Below are some records: retype them all exactly, but not the pictures.
(Data extract Opens)
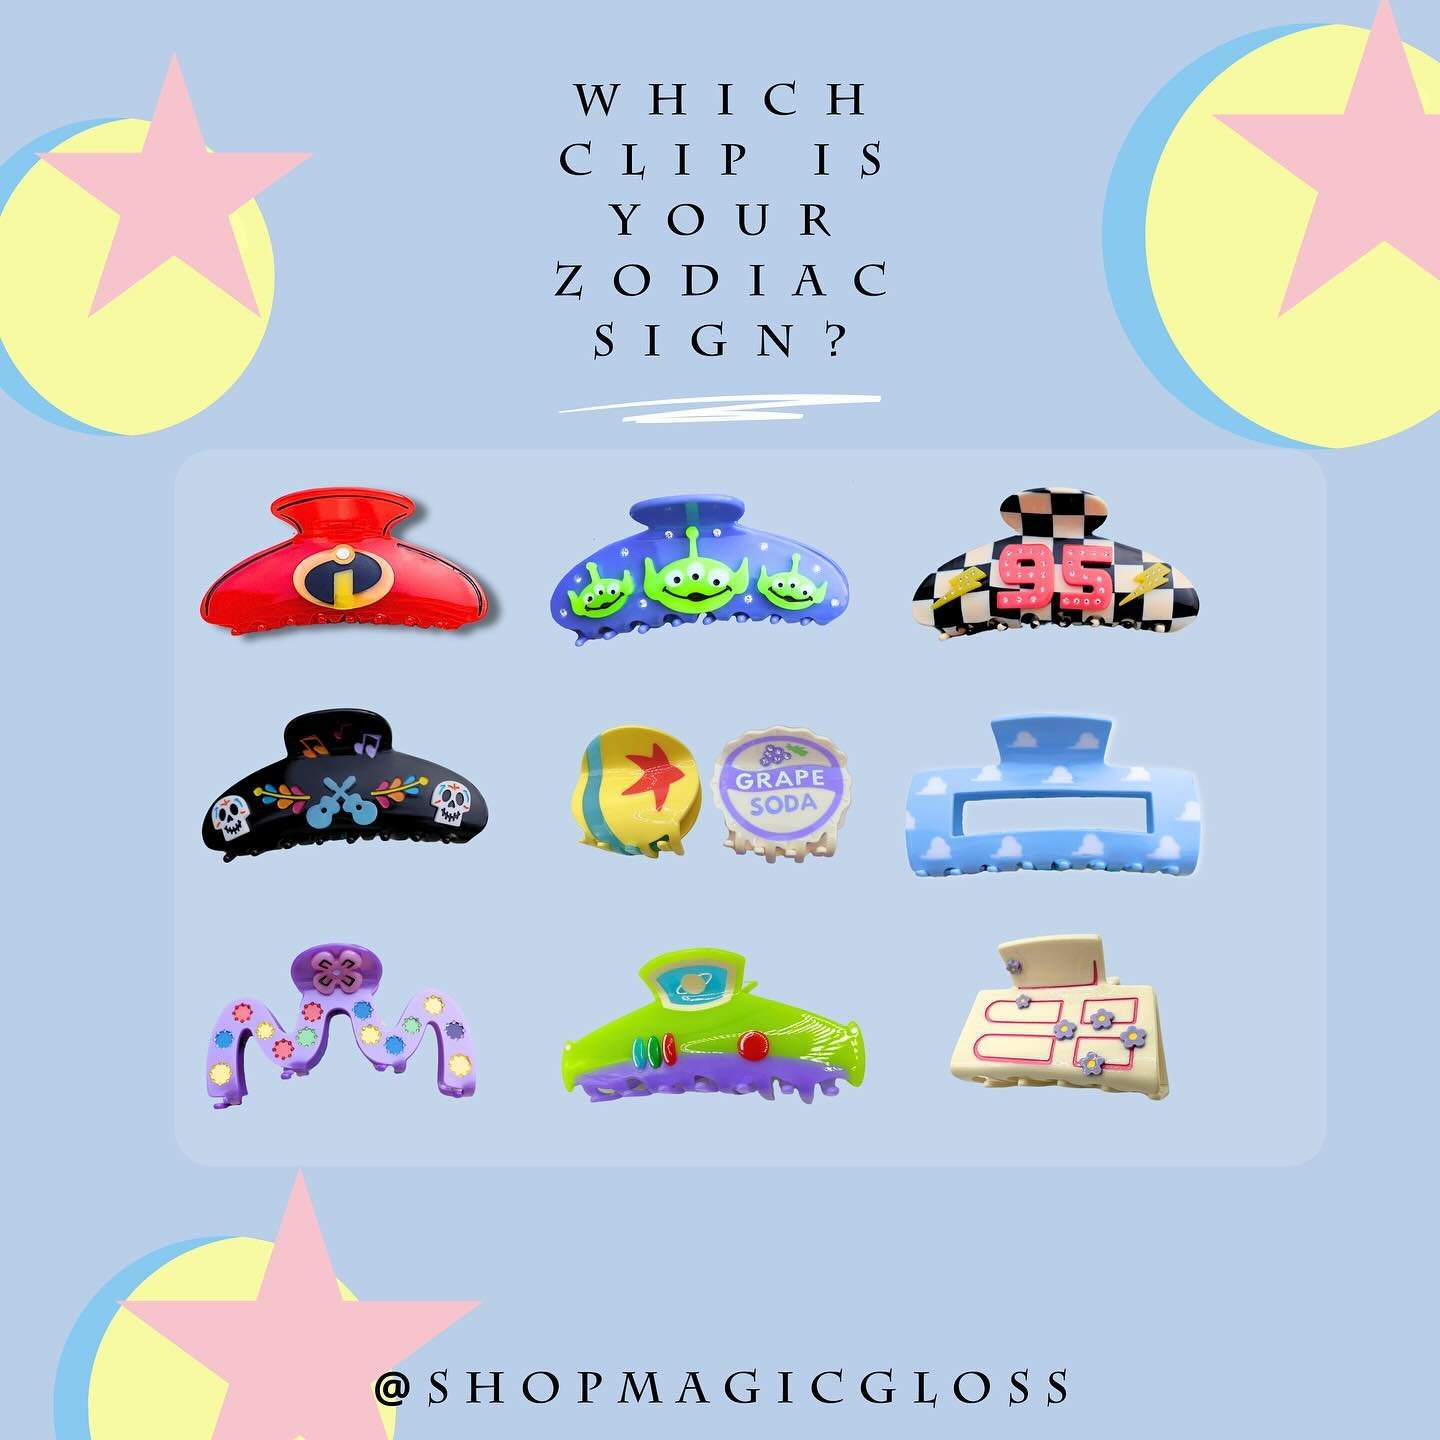 Which claw clip from our friendship fun collection is your zodiac sign?? 
&bull;
&bull;
&bull;
#pixar #pixarzodiac #zodiacsignsmemes #zodiacsignmemes #zodiacsignsart #pixarfest #pixaraszodiac
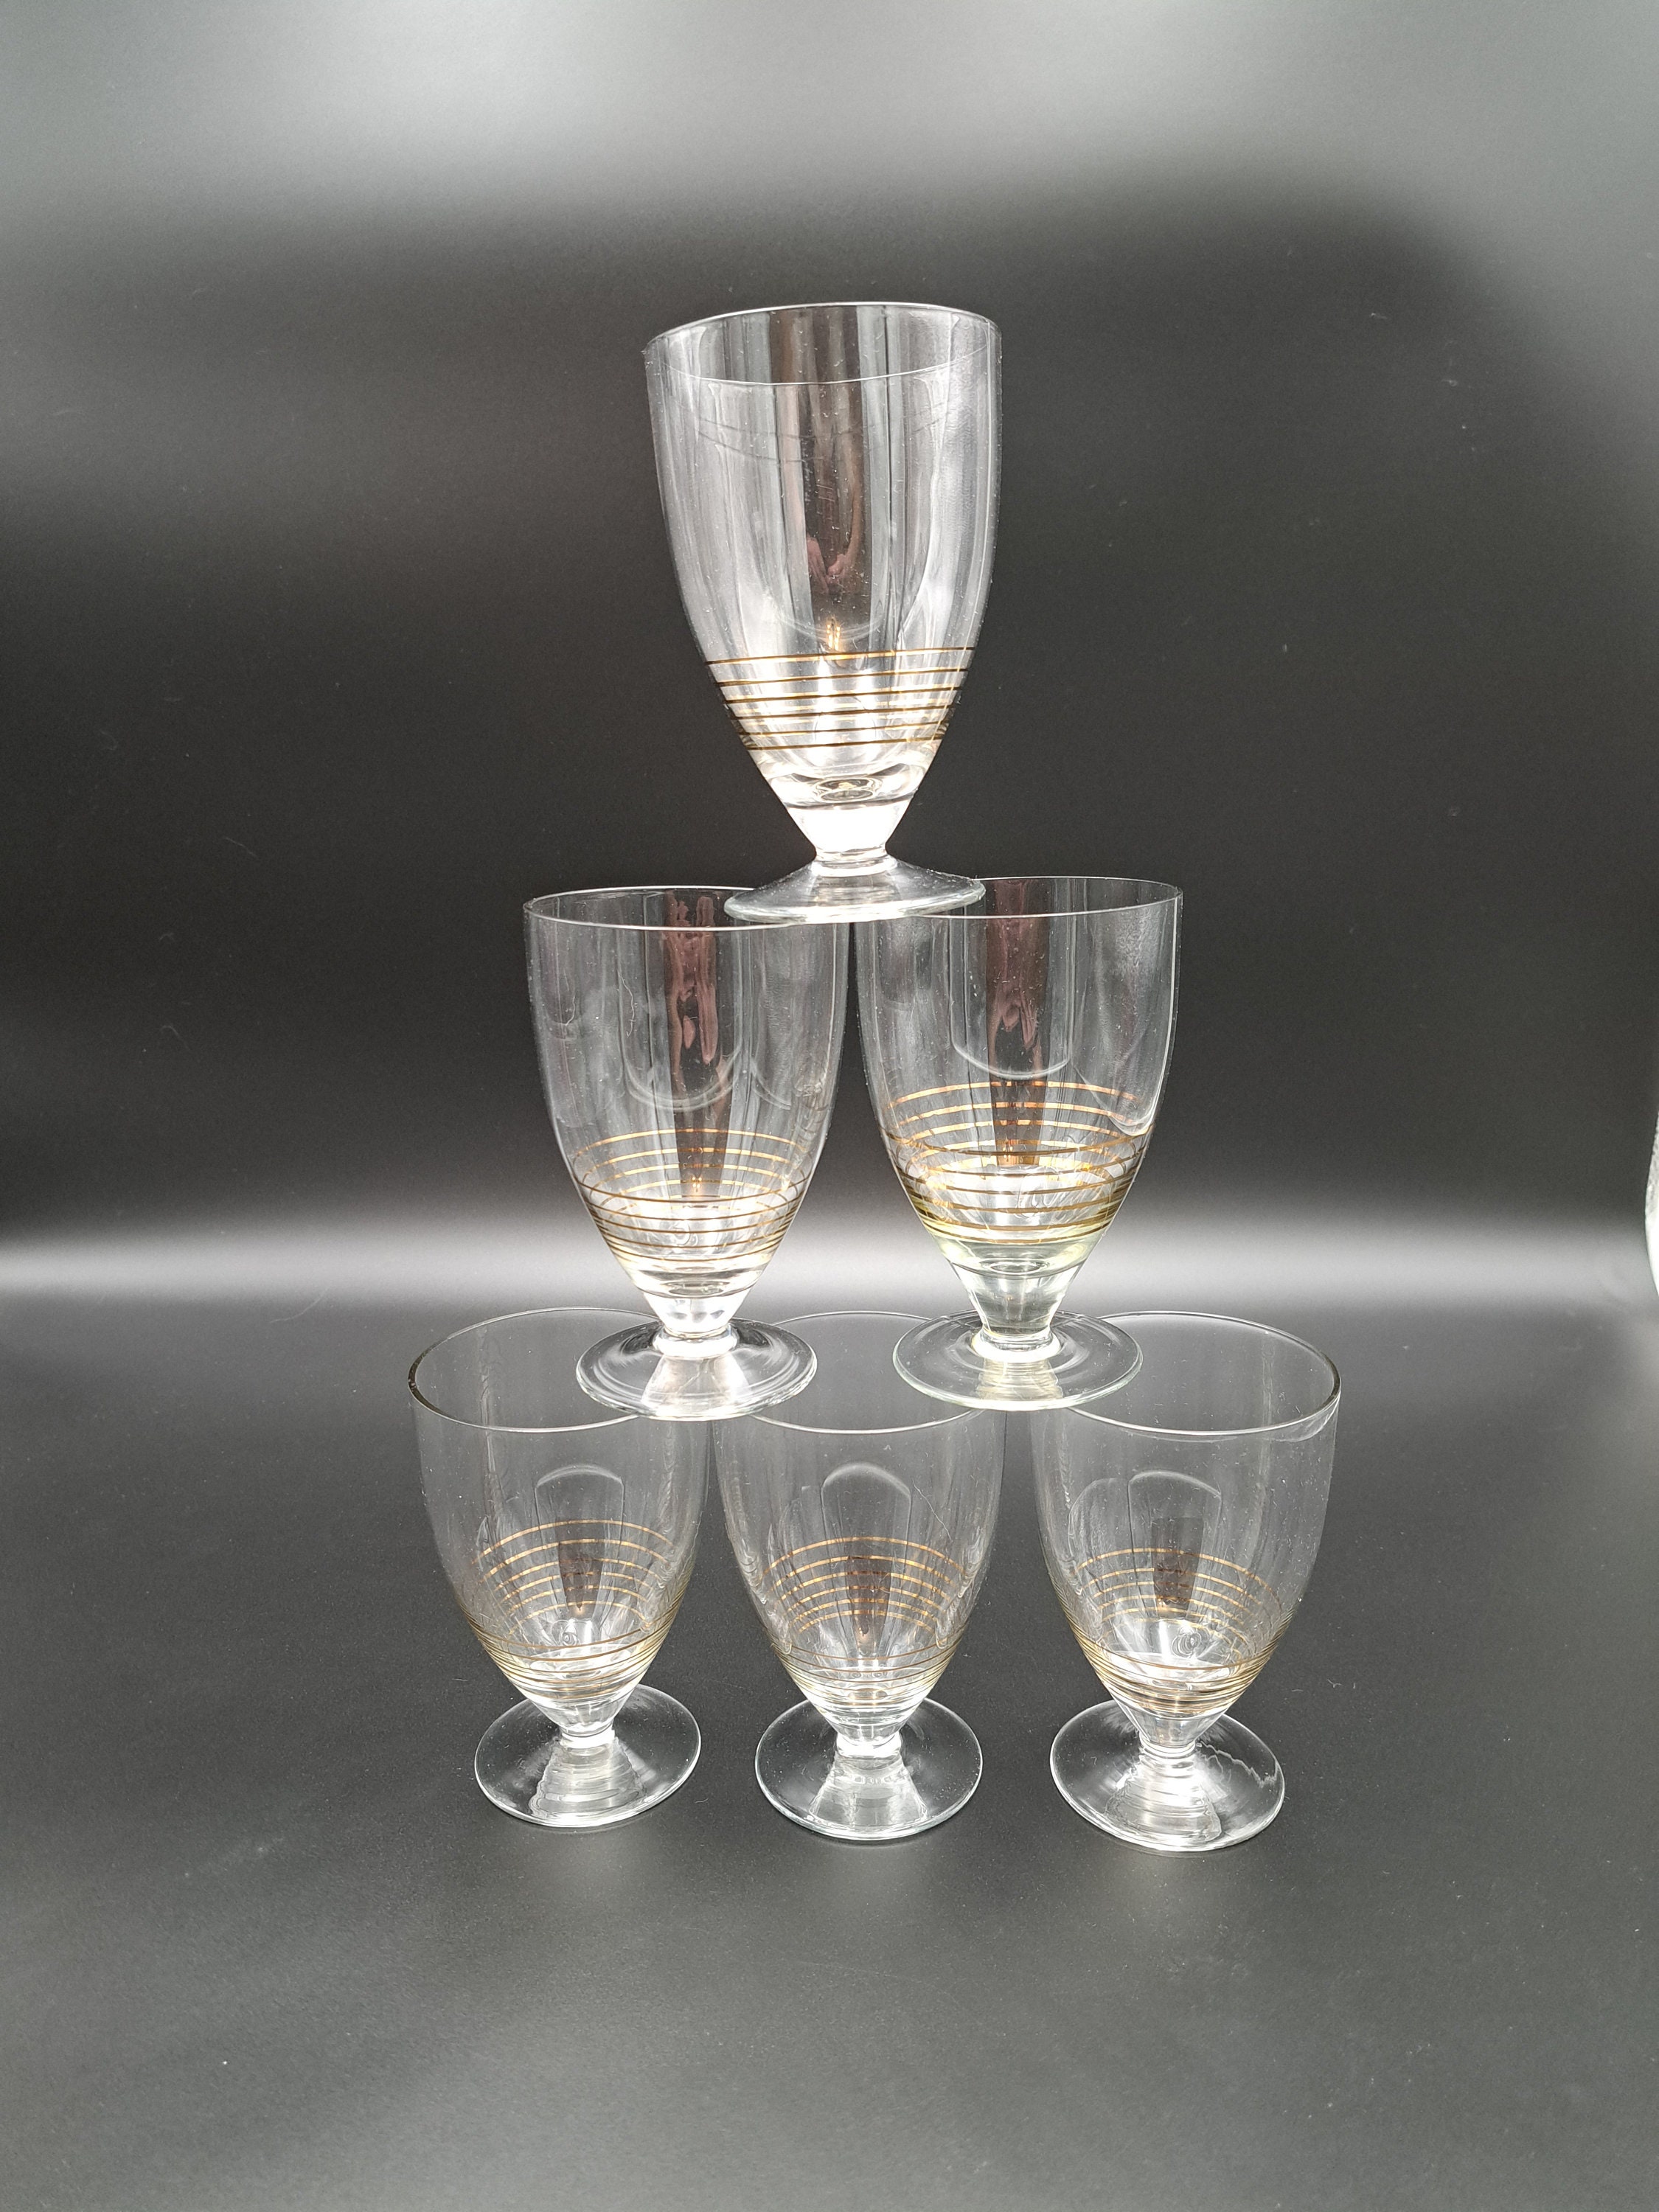 Khen Old-Fashioned Drinking Glasses | Set of 6 | 9.6 OZ Vintage Classic  Glassware For Drinks, Muted …See more Khen Old-Fashioned Drinking Glasses
(Data extract Closes)
Answer below —
 Which claw clip from our friendship fun collection is your zodiac sign?? 
&bull;
&bull;
&bull;
#pixar #pixarzodiac #zodiacsignsmemes #zodiacsignmemes #zodiacsignsart #pixarfest #pixaraszodiac
 Khen Old-Fashioned Drinking Glasses | Set of 6 | 9.6 OZ Vintage Classic  Glassware For Drinks, Muted …See more Khen Old-Fashioned Drinking Glasses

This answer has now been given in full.